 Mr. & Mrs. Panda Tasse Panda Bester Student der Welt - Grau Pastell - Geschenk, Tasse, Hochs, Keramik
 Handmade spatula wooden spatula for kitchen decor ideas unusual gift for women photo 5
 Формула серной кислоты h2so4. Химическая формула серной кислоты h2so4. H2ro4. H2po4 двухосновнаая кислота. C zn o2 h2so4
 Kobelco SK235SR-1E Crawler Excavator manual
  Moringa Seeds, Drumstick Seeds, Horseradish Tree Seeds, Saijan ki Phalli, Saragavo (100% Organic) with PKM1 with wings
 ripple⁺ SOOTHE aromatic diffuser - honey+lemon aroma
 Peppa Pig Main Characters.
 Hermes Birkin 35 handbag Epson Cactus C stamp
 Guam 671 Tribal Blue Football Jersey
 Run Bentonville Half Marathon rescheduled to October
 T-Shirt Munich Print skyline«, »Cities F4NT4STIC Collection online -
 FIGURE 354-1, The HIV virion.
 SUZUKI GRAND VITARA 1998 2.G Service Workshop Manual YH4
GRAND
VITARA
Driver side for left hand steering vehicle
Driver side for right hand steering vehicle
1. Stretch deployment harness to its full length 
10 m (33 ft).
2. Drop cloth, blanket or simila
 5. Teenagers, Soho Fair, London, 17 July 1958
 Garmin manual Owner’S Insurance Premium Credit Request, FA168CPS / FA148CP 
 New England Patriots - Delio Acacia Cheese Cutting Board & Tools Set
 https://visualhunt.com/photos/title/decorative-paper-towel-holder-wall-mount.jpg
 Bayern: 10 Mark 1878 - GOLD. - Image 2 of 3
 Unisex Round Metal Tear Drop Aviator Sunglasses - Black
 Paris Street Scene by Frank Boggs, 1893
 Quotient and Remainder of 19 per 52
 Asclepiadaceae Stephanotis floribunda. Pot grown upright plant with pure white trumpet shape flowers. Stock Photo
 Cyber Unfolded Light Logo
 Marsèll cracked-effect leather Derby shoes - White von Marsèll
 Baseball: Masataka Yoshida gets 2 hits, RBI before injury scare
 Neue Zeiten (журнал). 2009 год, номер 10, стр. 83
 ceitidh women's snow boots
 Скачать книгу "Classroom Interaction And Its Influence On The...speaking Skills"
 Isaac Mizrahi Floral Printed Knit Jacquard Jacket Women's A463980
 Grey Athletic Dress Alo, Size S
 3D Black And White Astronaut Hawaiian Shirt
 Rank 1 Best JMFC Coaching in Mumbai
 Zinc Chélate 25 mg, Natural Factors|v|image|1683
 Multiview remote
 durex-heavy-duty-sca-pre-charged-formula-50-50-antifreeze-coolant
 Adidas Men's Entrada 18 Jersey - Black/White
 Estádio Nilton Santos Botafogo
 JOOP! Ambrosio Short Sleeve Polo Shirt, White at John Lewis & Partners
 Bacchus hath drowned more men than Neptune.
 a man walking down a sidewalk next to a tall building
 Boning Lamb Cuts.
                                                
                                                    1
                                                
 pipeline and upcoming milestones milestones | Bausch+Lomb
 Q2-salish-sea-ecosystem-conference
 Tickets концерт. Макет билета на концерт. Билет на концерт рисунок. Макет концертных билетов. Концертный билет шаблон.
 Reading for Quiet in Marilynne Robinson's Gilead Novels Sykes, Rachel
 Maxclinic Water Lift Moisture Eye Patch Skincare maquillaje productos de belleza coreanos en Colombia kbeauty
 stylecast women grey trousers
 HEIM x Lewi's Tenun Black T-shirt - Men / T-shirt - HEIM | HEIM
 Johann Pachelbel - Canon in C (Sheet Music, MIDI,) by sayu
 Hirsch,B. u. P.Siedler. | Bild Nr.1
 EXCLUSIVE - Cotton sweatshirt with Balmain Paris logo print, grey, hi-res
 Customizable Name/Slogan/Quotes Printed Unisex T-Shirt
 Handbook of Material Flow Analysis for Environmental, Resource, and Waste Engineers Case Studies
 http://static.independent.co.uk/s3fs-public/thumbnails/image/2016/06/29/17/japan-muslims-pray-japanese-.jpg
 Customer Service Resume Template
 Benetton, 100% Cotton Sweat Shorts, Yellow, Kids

# WHAT NEEDS TO BE DONE
Could you transcribe the entries above word for word, from the line with "ripple⁺ SOOTHE aromatic" down to the line with "Driver side for left hand steering vehicle", keeping both?

# FINISHED TASK
 ripple⁺ SOOTHE aromatic diffuser - honey+lemon aroma
 Peppa Pig Main Characters.
 Hermes Birkin 35 handbag Epson Cactus C stamp
 Guam 671 Tribal Blue Football Jersey
 Run Bentonville Half Marathon rescheduled to October
 T-Shirt Munich Print skyline«, »Cities F4NT4STIC Collection online -
 FIGURE 354-1, The HIV virion.
 SUZUKI GRAND VITARA 1998 2.G Service Workshop Manual YH4
GRAND
VITARA
Driver side for left hand steering vehicle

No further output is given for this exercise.